Description: Link switch does not happen during service-level agreement (SLA) violation in bandwidth-optimized SD-WAN deployments.

Solution

  1. Check that the applications match the SD-WAN policy.
  2. Check that CSO or Controller recognizes the SLA violation.

    Log in to the Administration Portal, and select Monitor > Applications > SLA performance.

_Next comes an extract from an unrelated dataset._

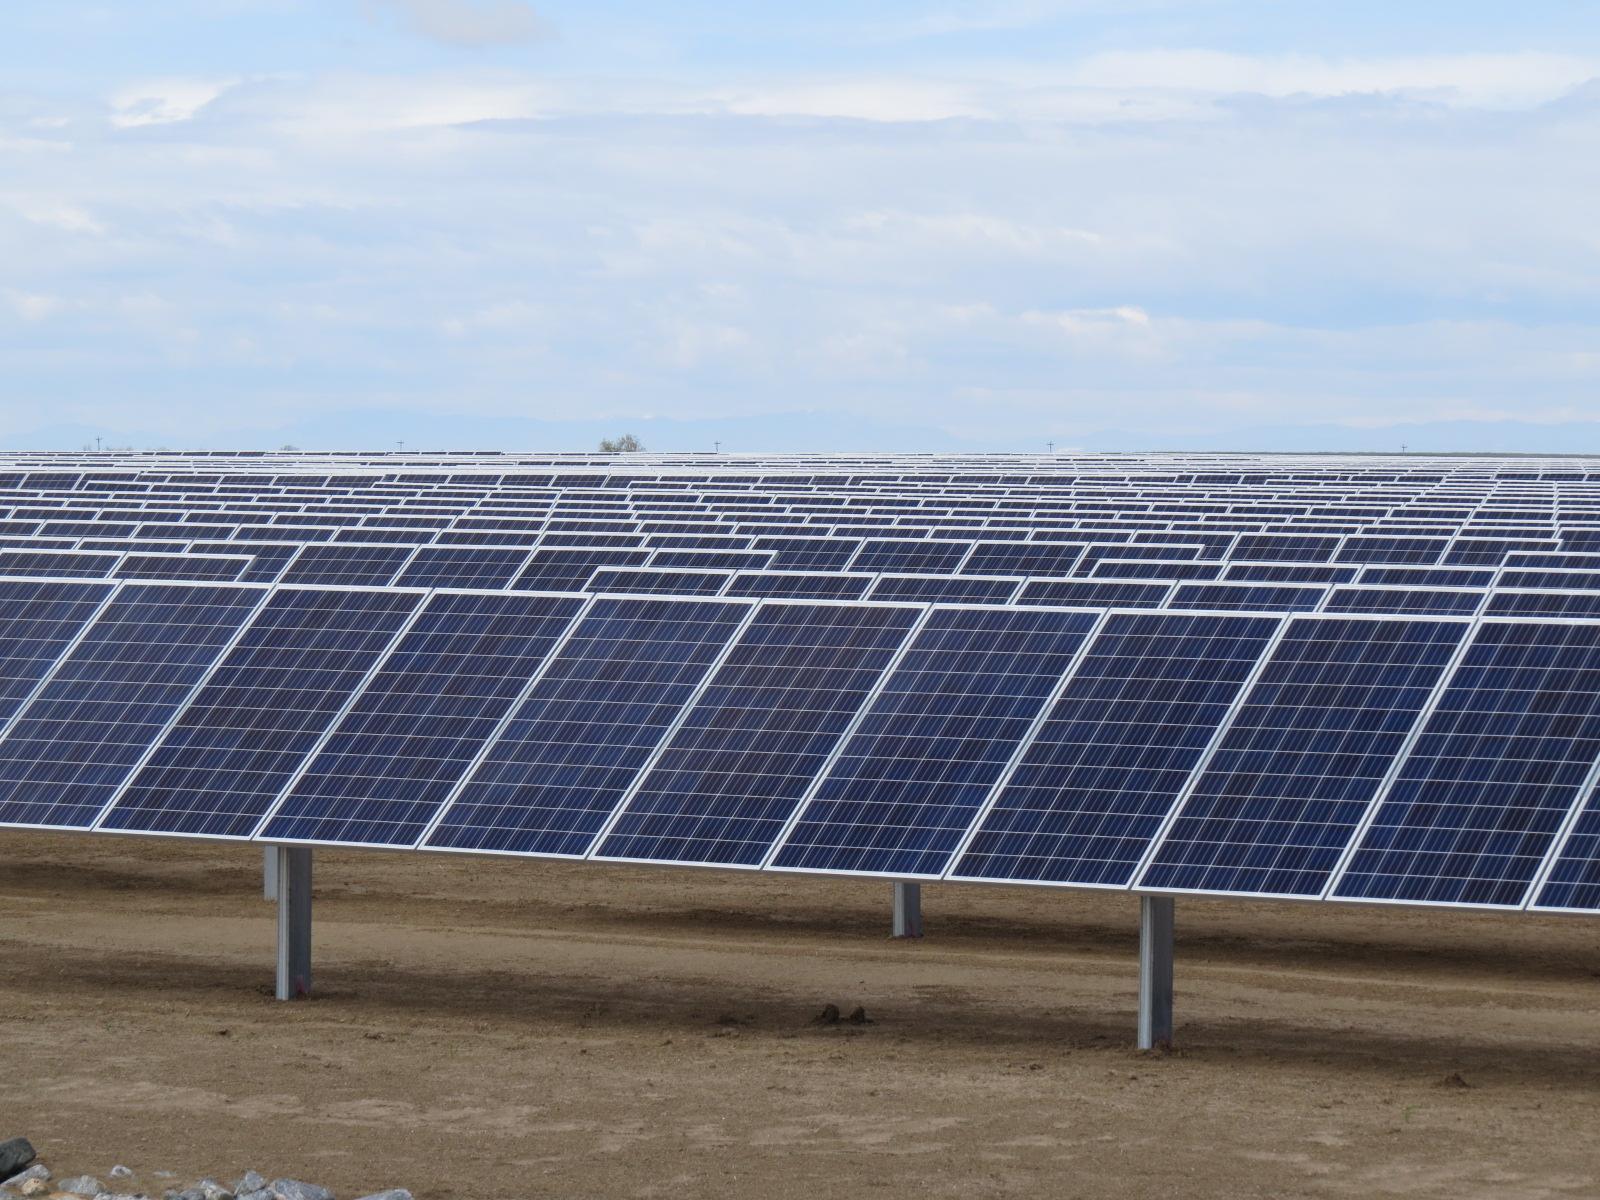 Victory Solar panels pic 13.JPG
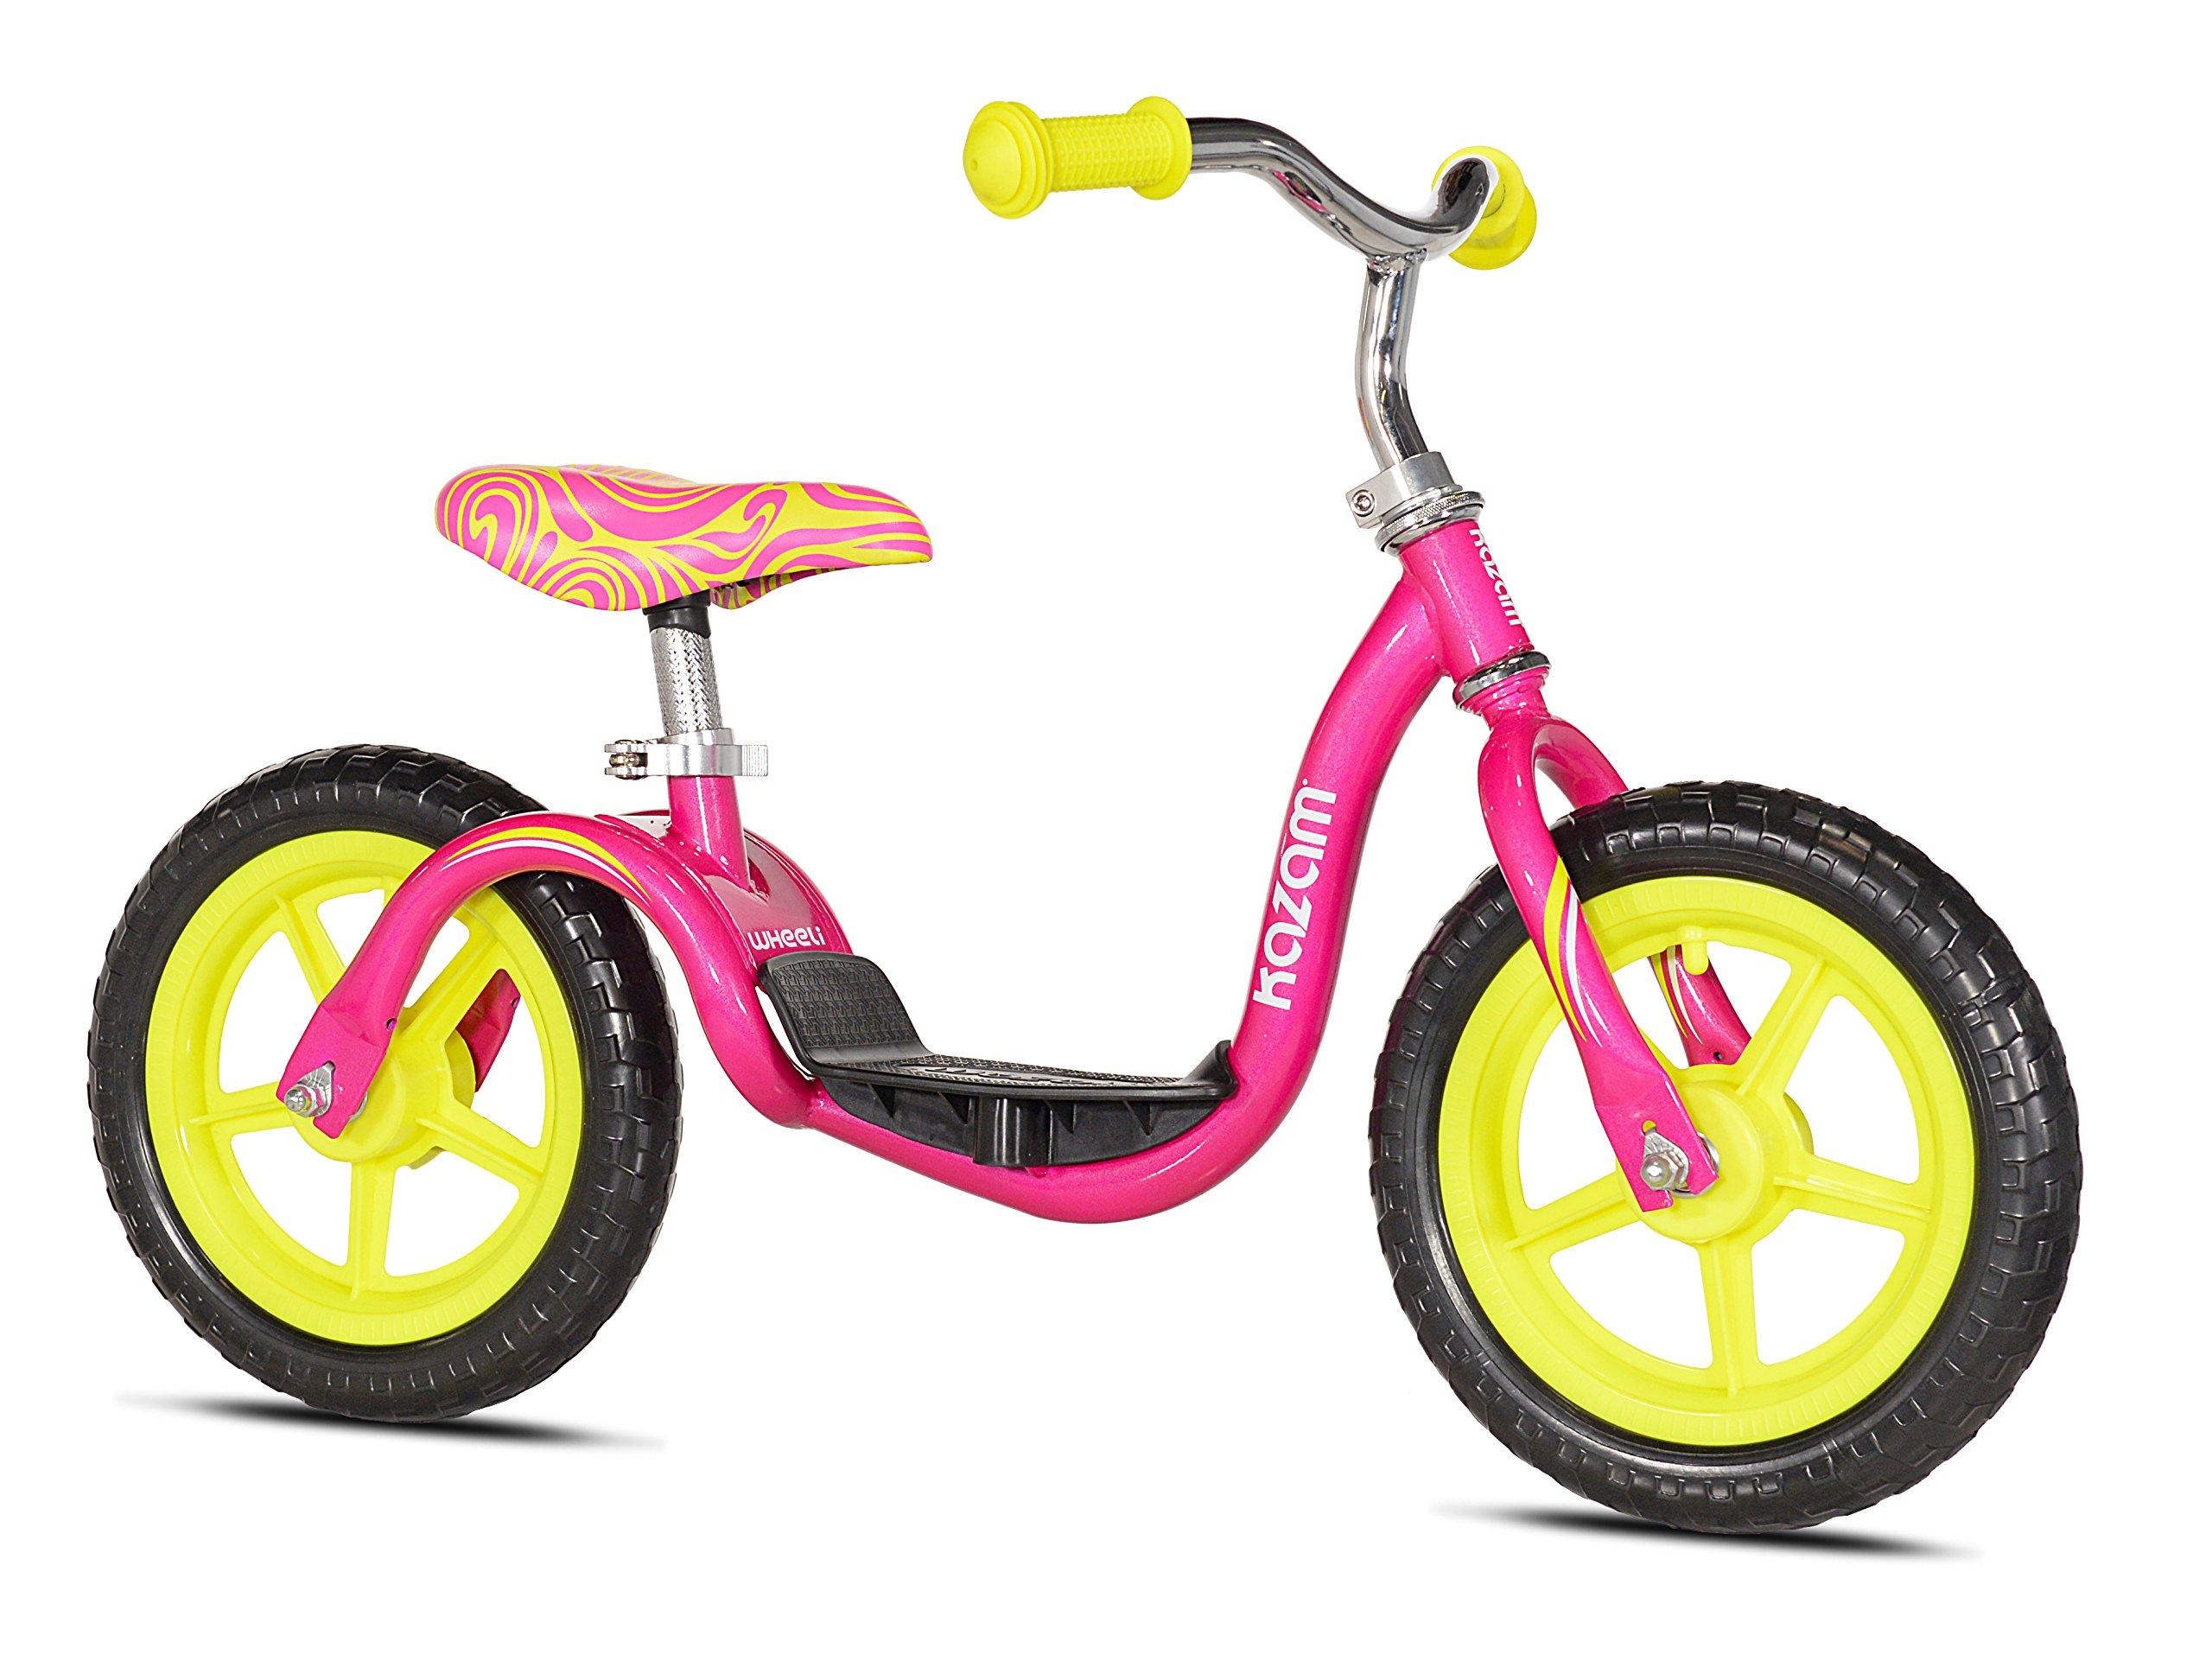 KaZAM v2e No Pedal Balance Bike, Pink/Yellow

  3. Verify whether the CPE time is synchronized with the NTP server.
  4. Click the SLA profile and ensure that the SLA performance data is correct. If it is not, then check that the violation is introduced in the appropriate link.
  5. Log in to the CPE device and check the RPM result. Verify the preferred route in the SLA VRF (TC* VRF) table using the following commands.
    root@cpe # show services rpm probe-results
    root@cpe # show route table TC1-CustomerA_DefaultVPN.inet.0

Problem

Description: The original link is recovered after a service-level agreement (SLA) violation but the application traffic does not switch back to the original link.

Solution

Applications change links only on an SLA violation, because applications are not tied to a specific link and are based on SLA type, such as path preference or link performance metrics.

Problem

Description: All WAN links are up but not all links are being utilized.

Solution

It is possible that all SD-WAN policies can select the same WAN link if they match the SLAs. If the CPE receives a lot of matching and non-matching application traffic for SD-WAN policies, but not all WAN links are being used, then ensure the following:

  1. Check that the CPE device receives multiple flows per application.
  2. Check that all the WAN overlays are up (IPsec, GRE) in the CPE device and the hub device.
  3. Check the SLA performance data or real-time performance monitoring (RPM) probe results in the CPE device for all links.

    Log in to the Administration Portal, and select Monitor > Applications > SLA Performance.